The city should also be helping improve sanitation at these encampments by ensuring they have nearby restrooms with hygiene products that are available 24 hours a day. If toilets and hand-washing facilities are not available to encampments of 10 or more people, the city should provide portable latrines for hand-washing equipped with sanitizer containing at least 60% alcohol.

"[The Office of Homeless Solutions] will continue to monitor, assess and provide sanitary products to known encampment locations to limit the potential spread and effects of COVID-19," Tolbert said in the memo.

The pandemic has resulted in the steady growth of these encampments. In just the last 30 days, people have made 333 requests for homeless service, according to data from an online dashboard created by the city to track homeless encampments. Eighty-five of these requests for service remain open.

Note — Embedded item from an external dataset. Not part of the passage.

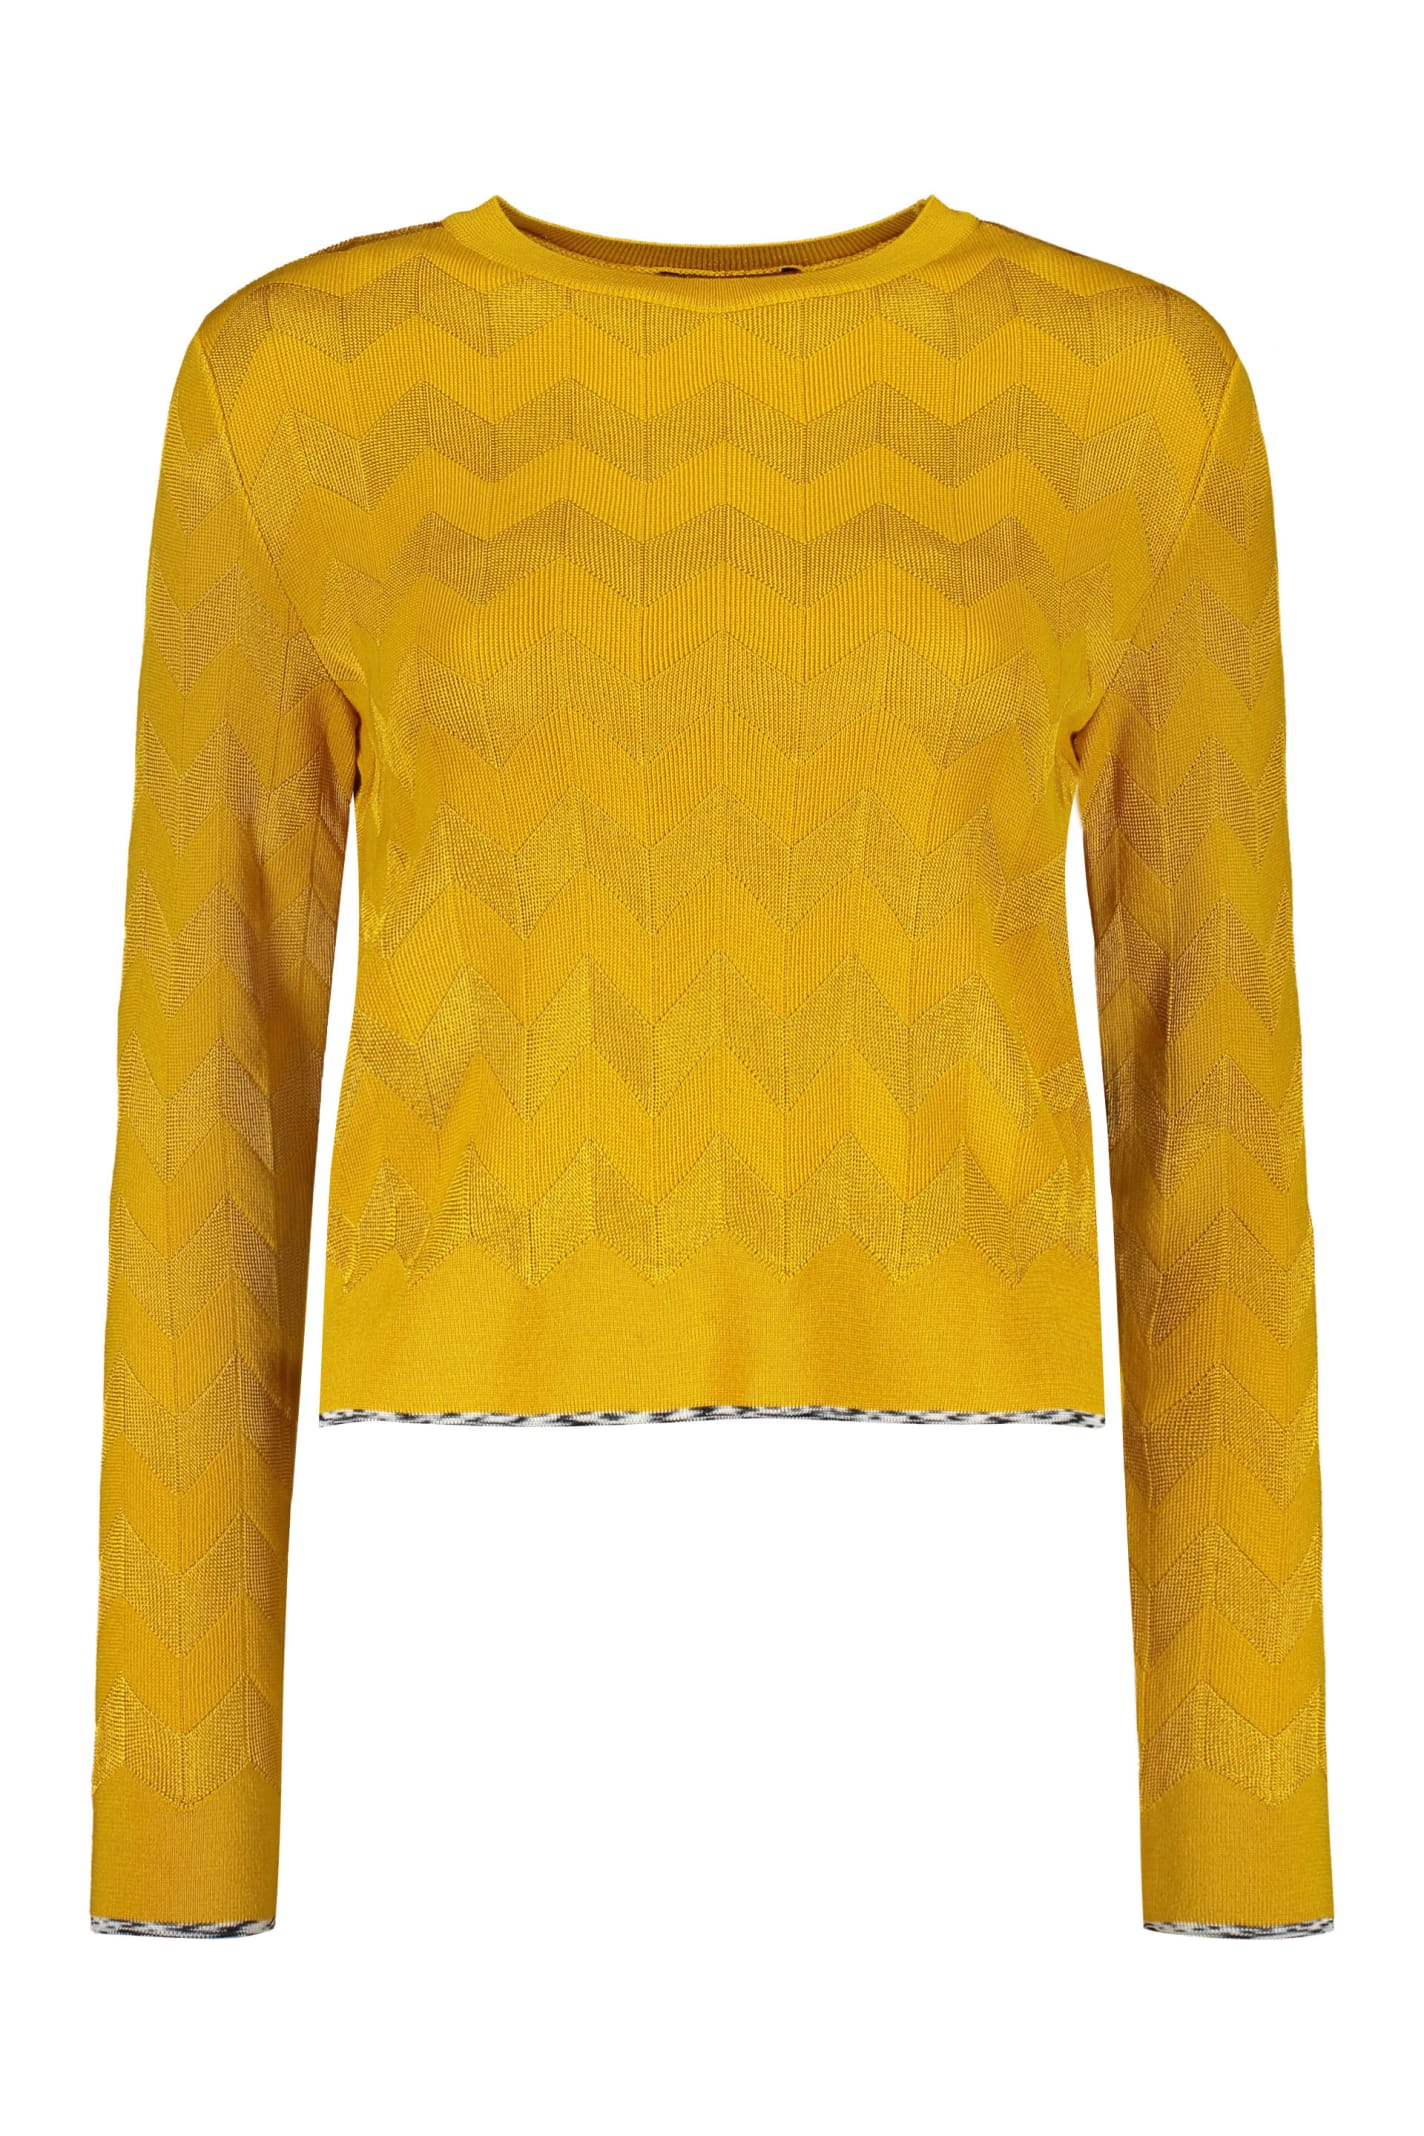 Missoni Wool Blend Sweater In Mustard

Kevin Oden, interim director of the Office of Homeless Solutions, did not respond for comment. However, in October, Oden told The Dallas Morning News that clearing the camps betters the quality of life in the city, but that it's not a mark of success. He said the ultimate goal is to transfer people from encampments to housing.

The near future may bring more housing for people experiencing homelessness, and Dallas will probably need it as some expect tens of thousands of evictions after the CDC's eviction moratorium expires at the end of the month.

According to KERA, the nonprofit Catholic Housing Initiative and the city are working to transform the former Gateway Hotel into St. Jude Center – Park Central, a space where eventually 180 rooms will be used to house homeless individuals. The project is being paid for by federal Coronavirus Relief Funds. The Dallas City Council will vote on a similar hotel project during their meeting this Wednesday.